In 2019, aloe quietly serves as a pillar for some of the buzziest new brands on Instagram, including the ones I personally swear by: Shani Darden, Barbara Sturm, and Augustinus Bader. “I use aloe a lot in my facials, and I love to use it in the custom masks I make for clients,” says L.A.-based esthetician Shani Darden, whose clients include Jessica Alba and Rosie Huntington-Whiteley.
Darden also packs aloe into her eponymous skin-care line, including her famous Texture Reform serum, which has worked wonders on my acne scars. “Aloe is great for the skin because it has antioxidants, which help to prevent damage from environmental stressors,” she says. “It also has antibacterial properties, which speed up healing and can help with acne. It’s a really great ingredient for people who have sensitive skin and react to most products.”
According to Düsseldorf, Germany-based aesthetic doctor Barbara Sturm, MD, aloe is one of the first ingredients she ever encountered in skin care — and she’s used it in her practice ever since. “Growing up, my mother had an aloe plant in the house. She would snap off a piece and rub the gel-like pulp on our cuts and burns,” says Dr. Sturm. “She was a chemist, and she did it because it worked.”

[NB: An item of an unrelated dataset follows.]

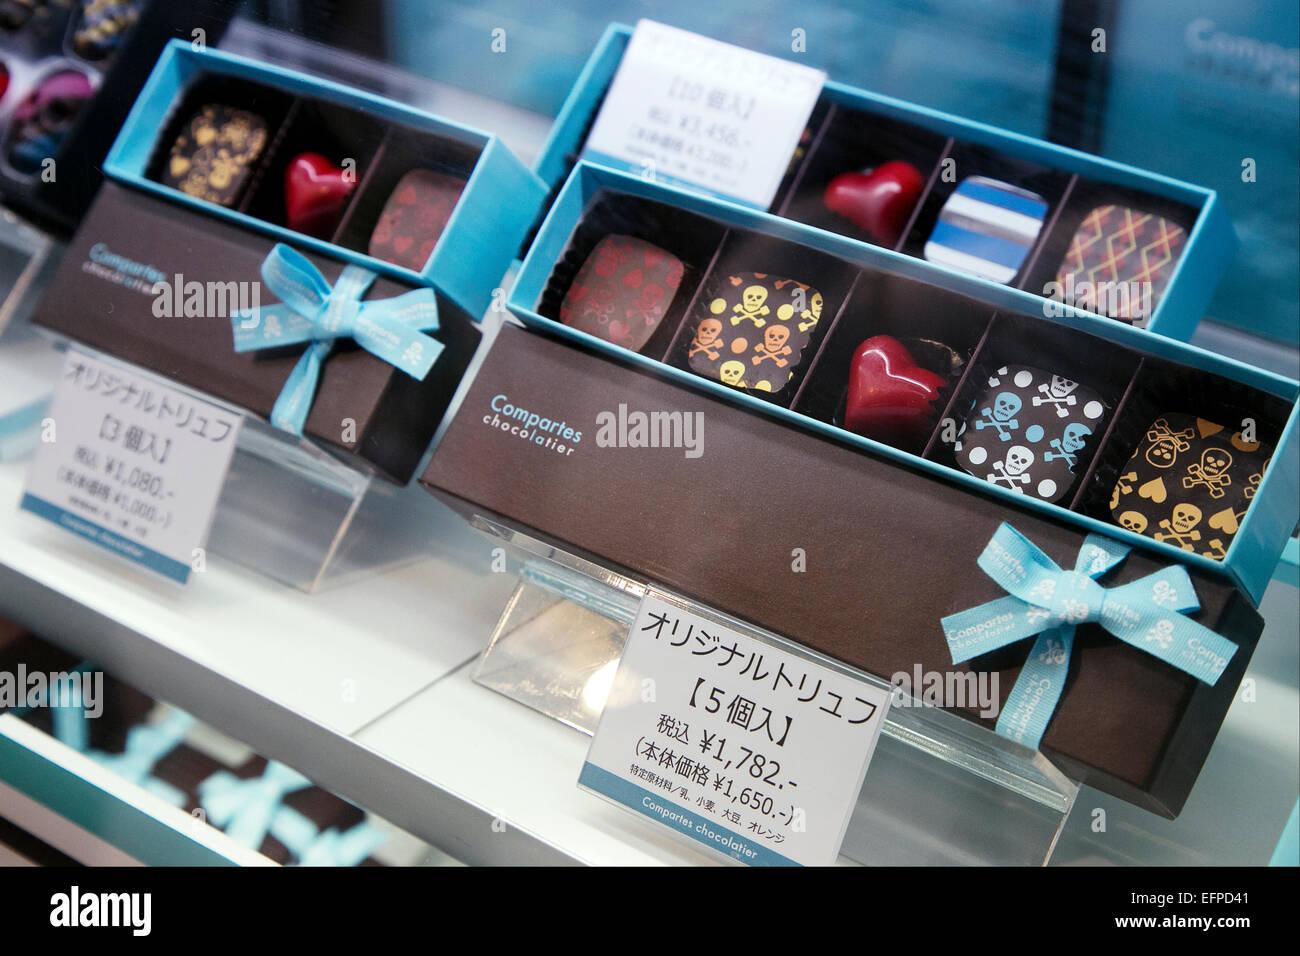 Valentine S Chocolate On Display On February 9 2015 Tokyo Japan

Now, Dr. Sturm uses it in her Face Mask and Cleanser, and incorporates it into facials and post-treatment regimens for her famous clients (including Angela Bassett and Kim Kardashian). “Aloe vera has been shown to speed wound healing by improving blood circulation through the area and preventing cell death around skin damage,” Dr. Sturm says. “Aloe stimulates fibroblasts that produce the collagen and elastin fibers, making the skin more elastic and less wrinkled. Its astringent properties tighten pores… and it also has an anti-acne effect in part because of its antiseptic properties.”

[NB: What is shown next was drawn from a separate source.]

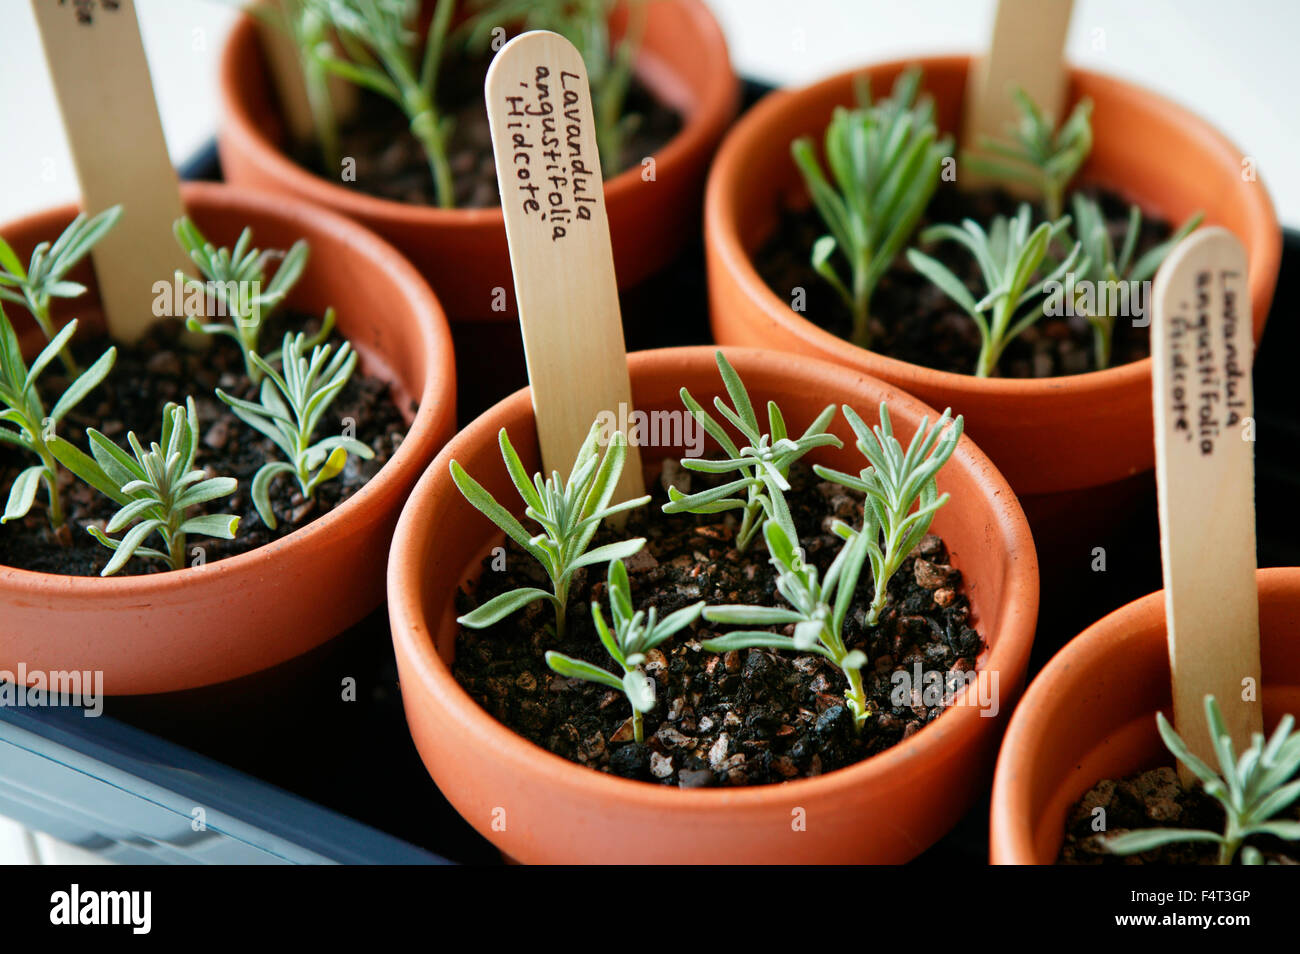 Vermehrung Von Lavendel Lavandula Angustifolia Hidcote Tablett

With so many incredible benefits, why isn’t the natural ingredient being touted in the same way that CBD, bakuchiol, or kakadu plum are today? “Aloe is a traditional botanical used to heal the skin for centuries,” Dr. Zeichner says. “Despite the emergence of new botanicals with questionable benefits, I think that many brands are choosing to include aloe because newer ingredients don’t mean they work any better.”
Adds Dr. Sturm, “It’s hard to say that an ingredient that has been in global use for 2000 years has been underestimated! People probably don’t know the ingredient science behind aloe, but they notice anecdotally this ingredient’s efficacy as a topical skin care and wound healer.” After a full year on the stuff, I’m definitely one of them.